DATASET EXTRACT:
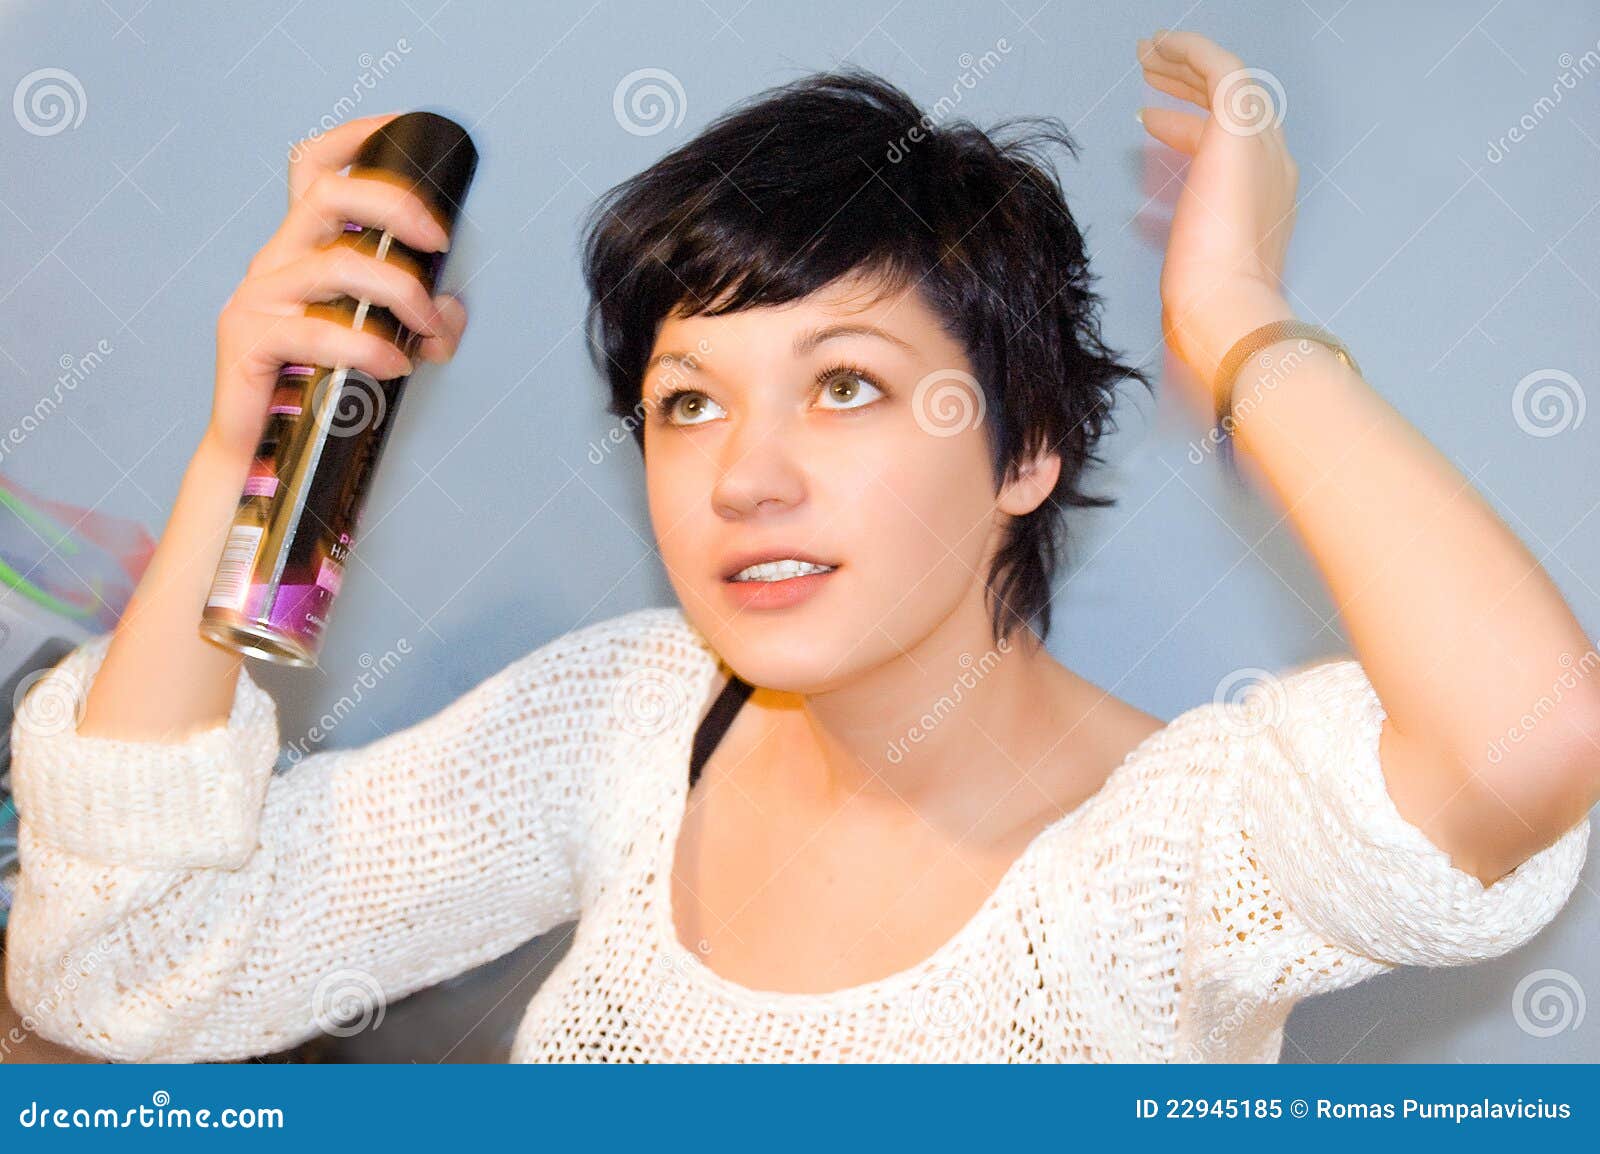 girl spraying hair lacquer onto her hair
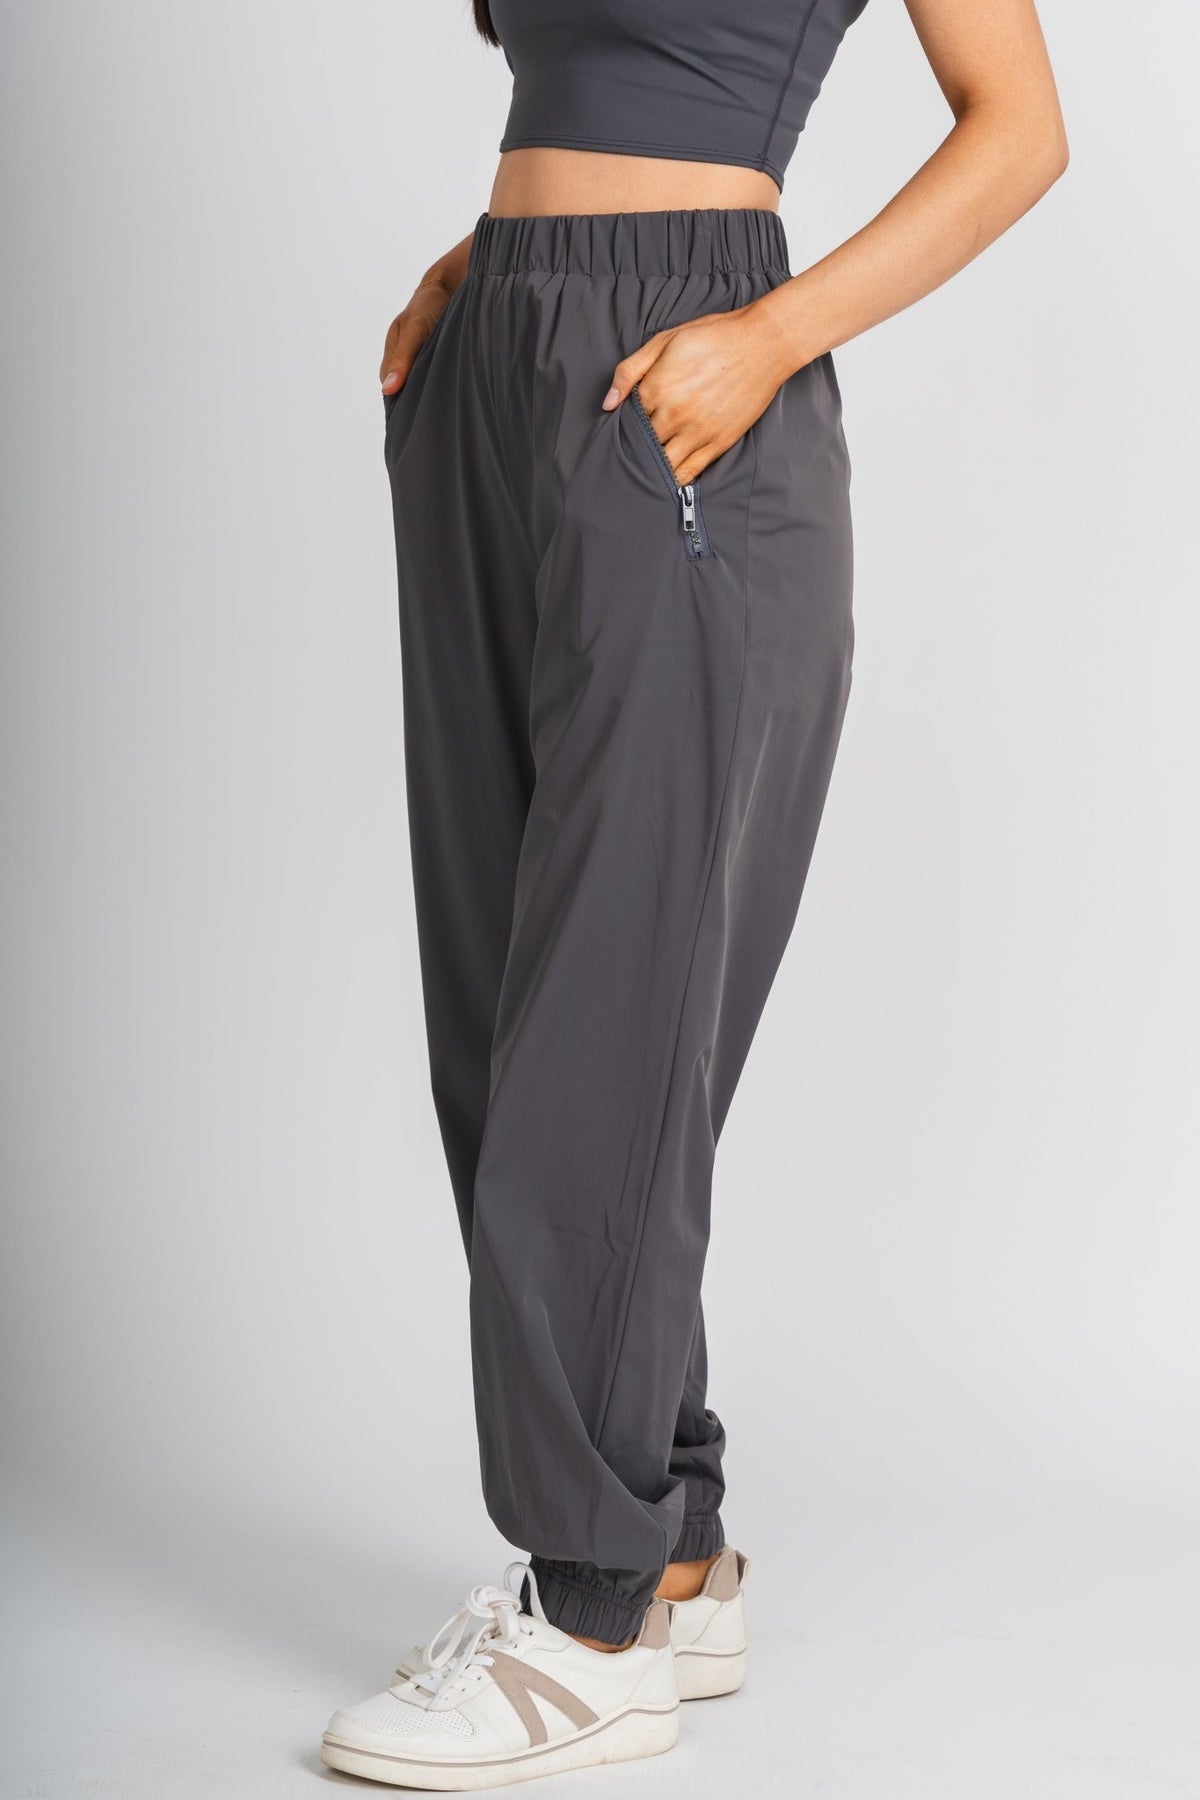 Nylon joggers charcoal - Trendy joggers - Cute Loungewear Collection at Lush Fashion Lounge Boutique in Oklahoma City
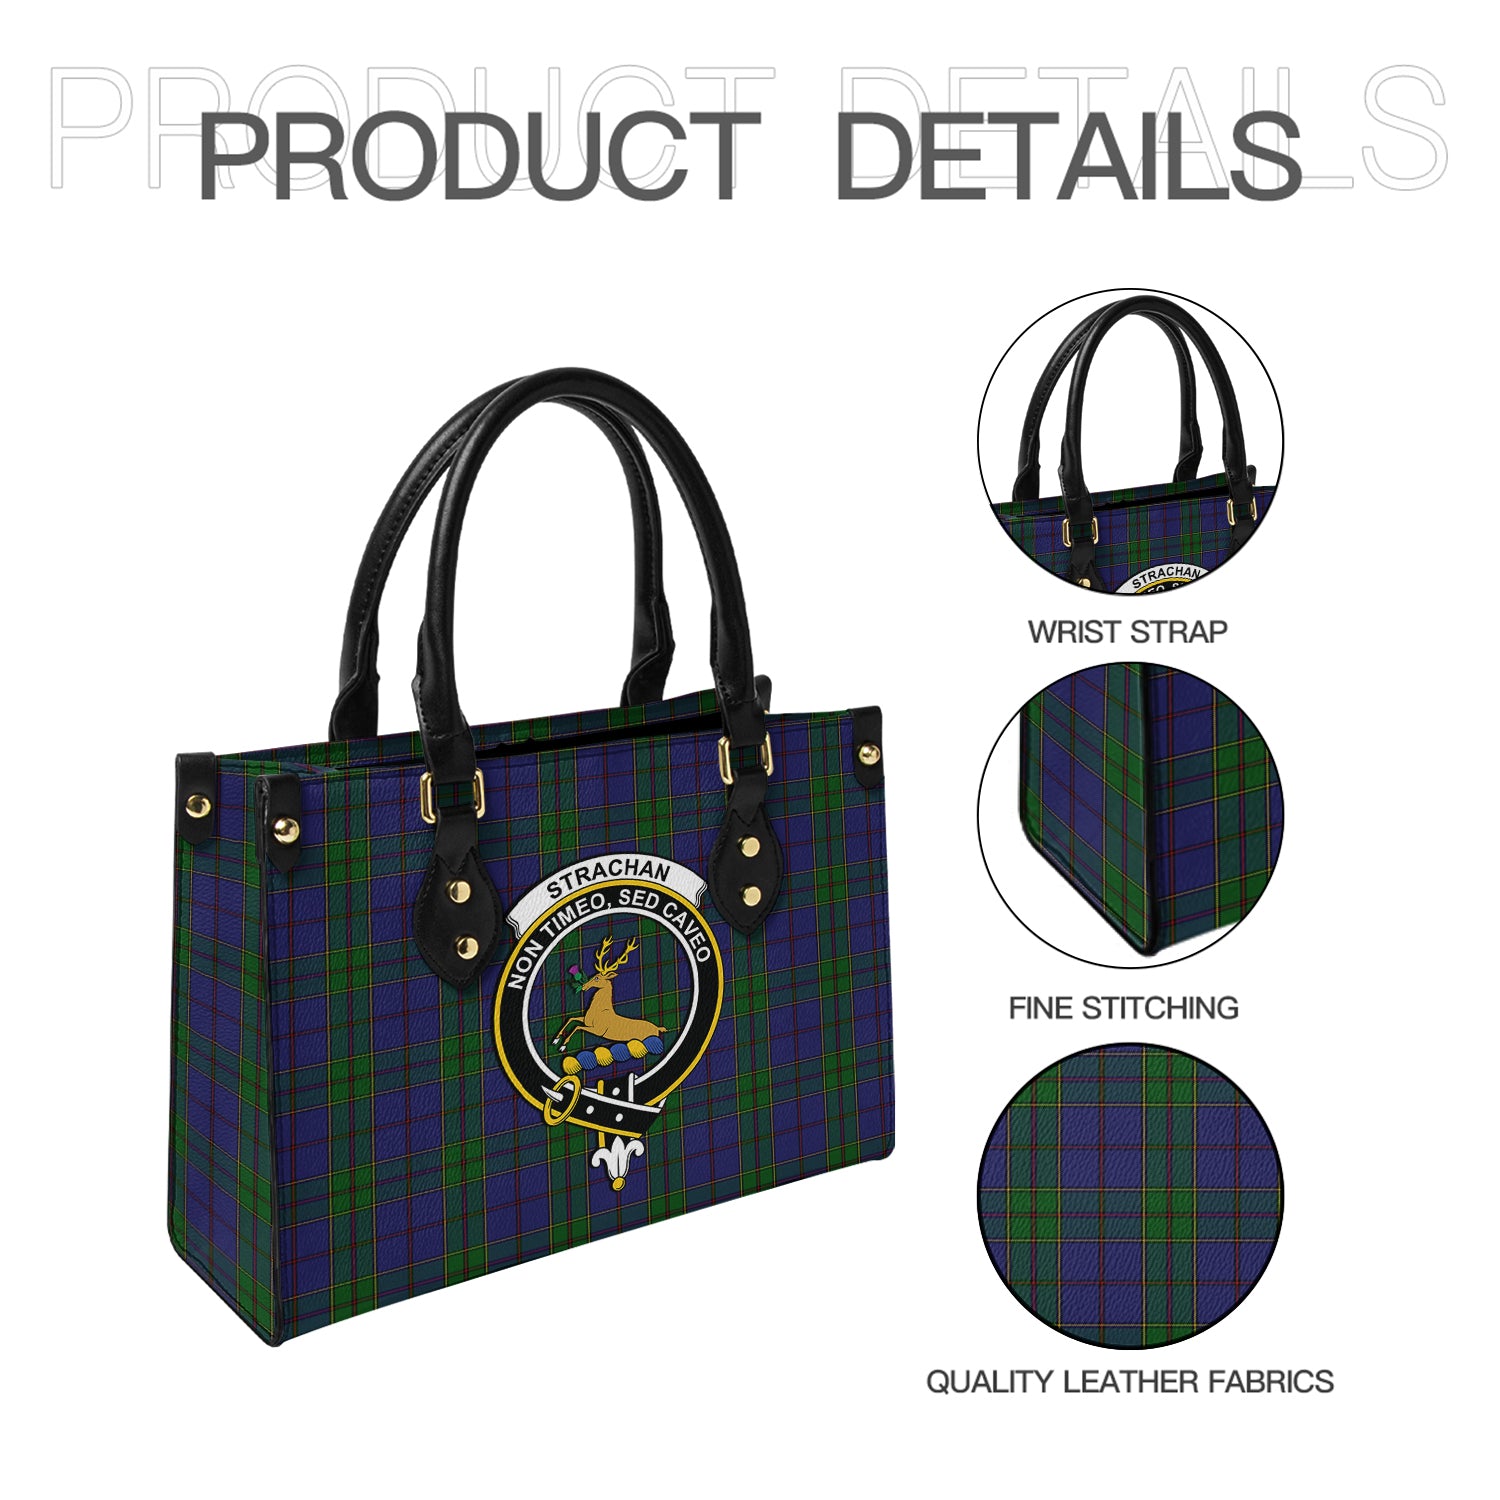 strachan-tartan-leather-bag-with-family-crest

ASSIGNMENT: Give every line of the data above again as it stands; the pictures stay out.

RESULT FOR THIS EXERCISE:
 girl spraying hair lacquer onto her hair
 Nylon joggers charcoal - Trendy joggers - Cute Loungewear Collection at Lush Fashion Lounge Boutique in Oklahoma City
 strachan-tartan-leather-bag-with-family-crest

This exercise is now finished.